Football, hockey, soccer and boys lacrosse are the most common sports that concussions occur in because they are high impact, Cole said.

“We’re pretty lucky this fall,” Cole said. “Only a few and nothing major, knock on wood. We had a couple players who were held out for a few weeks. They all want to play and they know we’re going to pull them and they disguise it if they can. That’s not the way to go.”

Alpiner said the longer a concussion goes untreated, the more problems it can cause. In addition to physical symptoms such as headaches, dizziness and nausea, he said emotional and academic changes may occur. Depression, anger, irritability and difficulty reading or retaining info are other possible symptoms.

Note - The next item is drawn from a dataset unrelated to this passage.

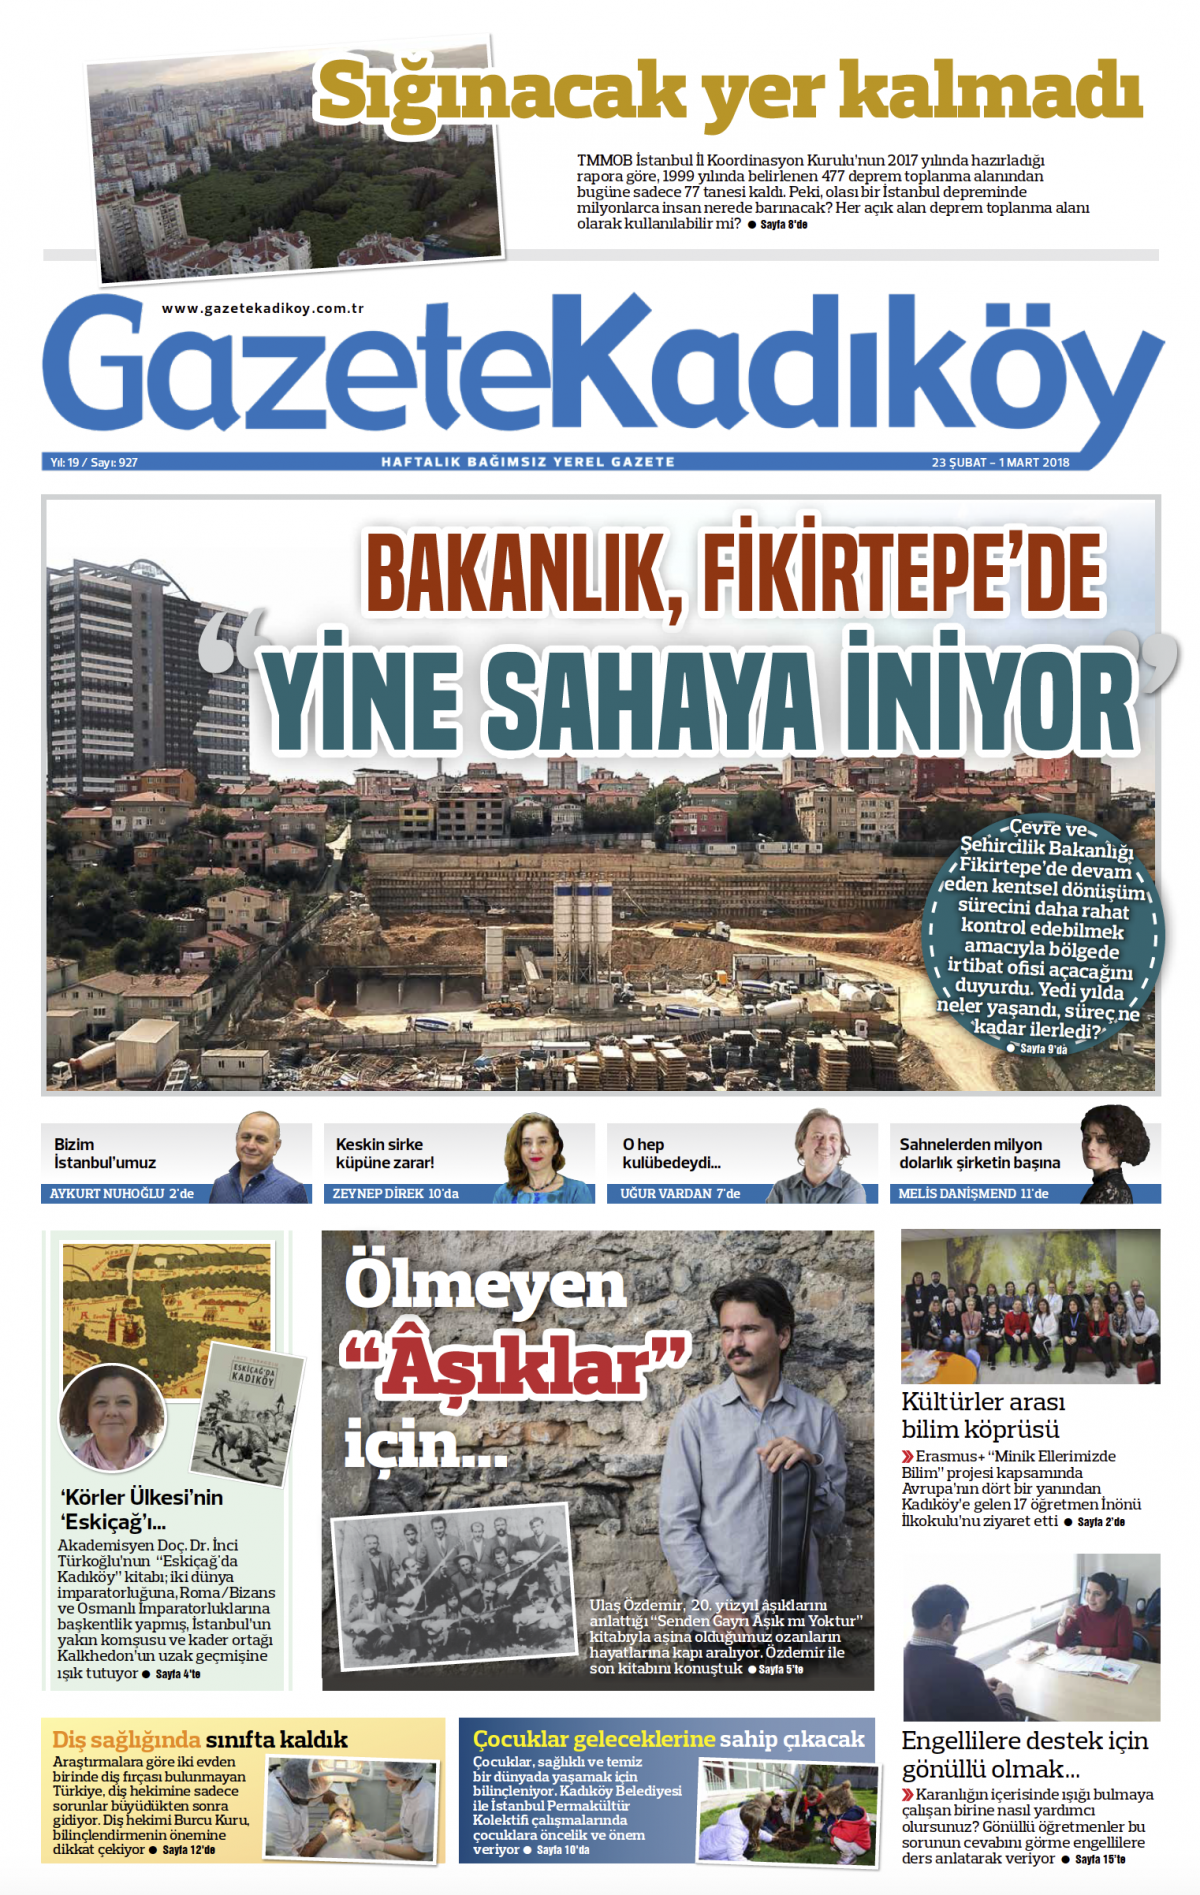 Gazete Kadıköy - 927

“The longer you wait to get it looked at, the longer the recovery period,” Alpiner said. “These other categories can show up a week, two weeks down the line.”

There are several misconceptions with concussions that he hopes the new laws’ educational component will help clear up.

“I think the first impact it will have is that a concussion is a serious problem and health problem. It can be dismissed and overlooked. Concussion isn’t just sport,” Alpiner said, noting that people could get concussions from falling down the stairs, or on a playground or during a car accident. “It can have long-term ramifications. It’s really not hype. There’s issues for kids who have multiple concussions.”

Alpiner said hundreds of people visit Beaumont Health System and Children’s Hospital annually, some from across the state.

“People come from all over the state to see me,” Alpiner said. “We have nice, well-developed protocols for kids.”